Implement the data source subclass

Depending on your use case, the following must be implemented by any subclass to make a data source either readable, writable, or both:

Property or Method	Description
`name`	Required. The name of the data source
`schema`	Required. The schema of the data source to be read or written
`reader()`	Must return a `DataSourceReader` to make the data source readable (batch)
`writer()`	Must return a `DataSourceWriter` to make the data sink writeable (batch)
`streamReader()` or `simpleStreamReader()`	Must return a `DataSourceStreamReader` to make the data stream readable (streaming)
`streamWriter()`	Must return a `DataSourceStreamWriter` to make the data stream writeable (streaming)

note

The user-defined DataSource, DataSourceReader, DataSourceWriter, DataSourceStreamReader, DataSourceStreamWriter, and their methods must be serializable. In other words, they must be a dictionary or nested dictionary that contains a primitive type.

Register the data source

After implementing the interface, you must register it, then you can load or otherwise use it as shown in the following example:

Python
# Register the data source
spark.dataSource.register(MyDataSourceClass)

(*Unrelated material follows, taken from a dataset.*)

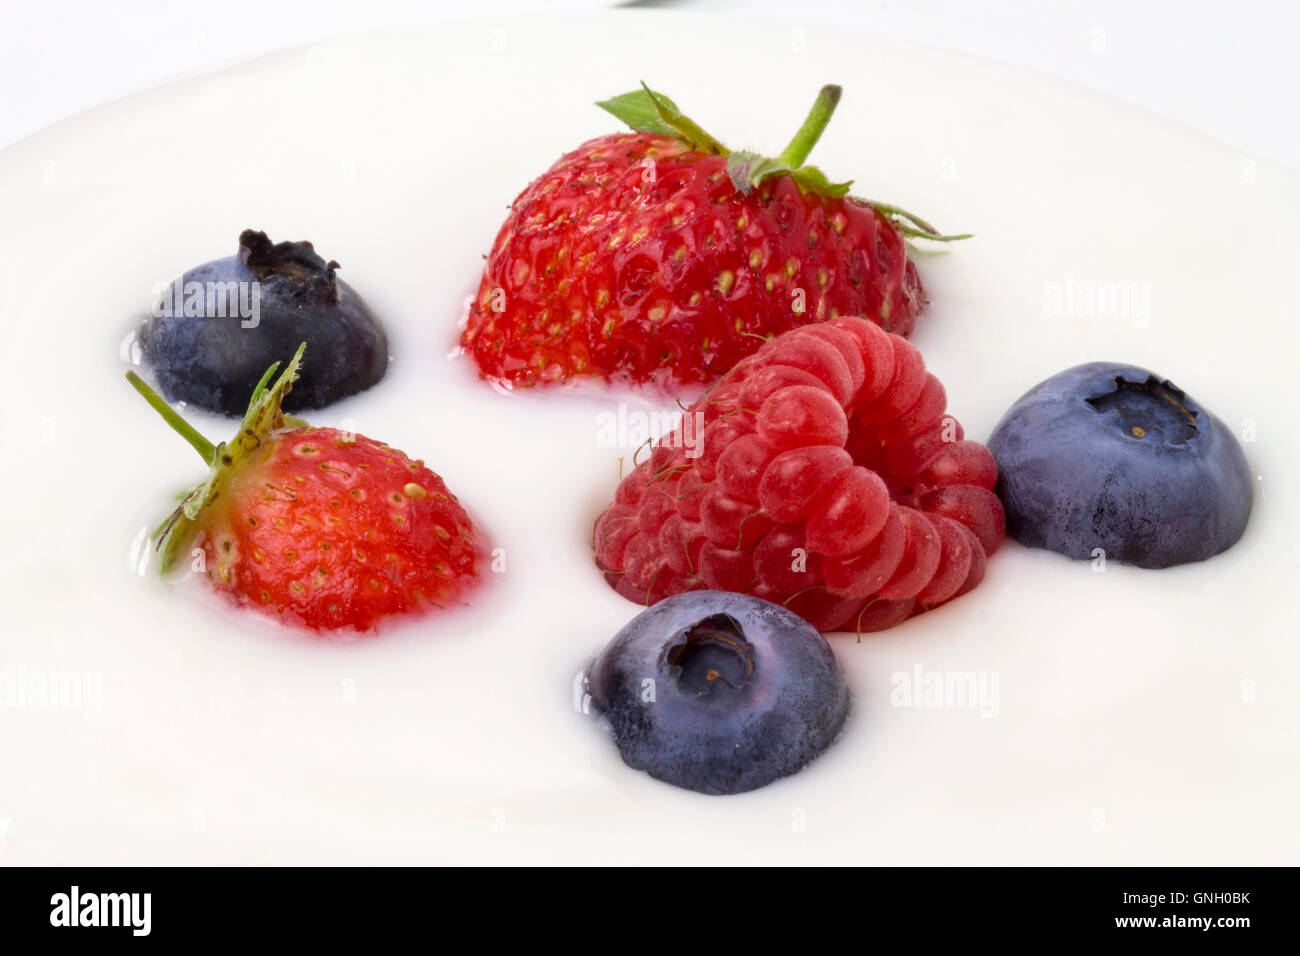 close-up of white yogurt with blueberries, strawberries and raspberries Stock Photo

# Read from a custom data source
spark.read.format("my_datasource_name").load().show()

Example 1: Create a PySpark DataSource for batch query

To demonstrate PySpark DataSource reader capabilities, create a data source that generates example data using the faker Python package. For more information about faker, see the Faker documentation.

Install the faker package using the following command:

Python
%pip install faker

Step 1: Define the example DataSource

First, define your new PySpark DataSource as a subclass of DataSource with a name, schema, and reader. The reader() method must be defined to read from a data source in a batch query.

Python
from pyspark.sql.datasource import DataSource, DataSourceReader
from pyspark.sql.types import StructType

class FakeDataSource(DataSource):
    """
    An example data source for batch query using the `faker` library.
    """

    @classmethod
    def name(cls):
        return "fake"

    def schema(self):
        return "name string, date string, zipcode string, state string"

    def reader(self, schema: StructType):
        return FakeDataSourceReader(schema, self.options)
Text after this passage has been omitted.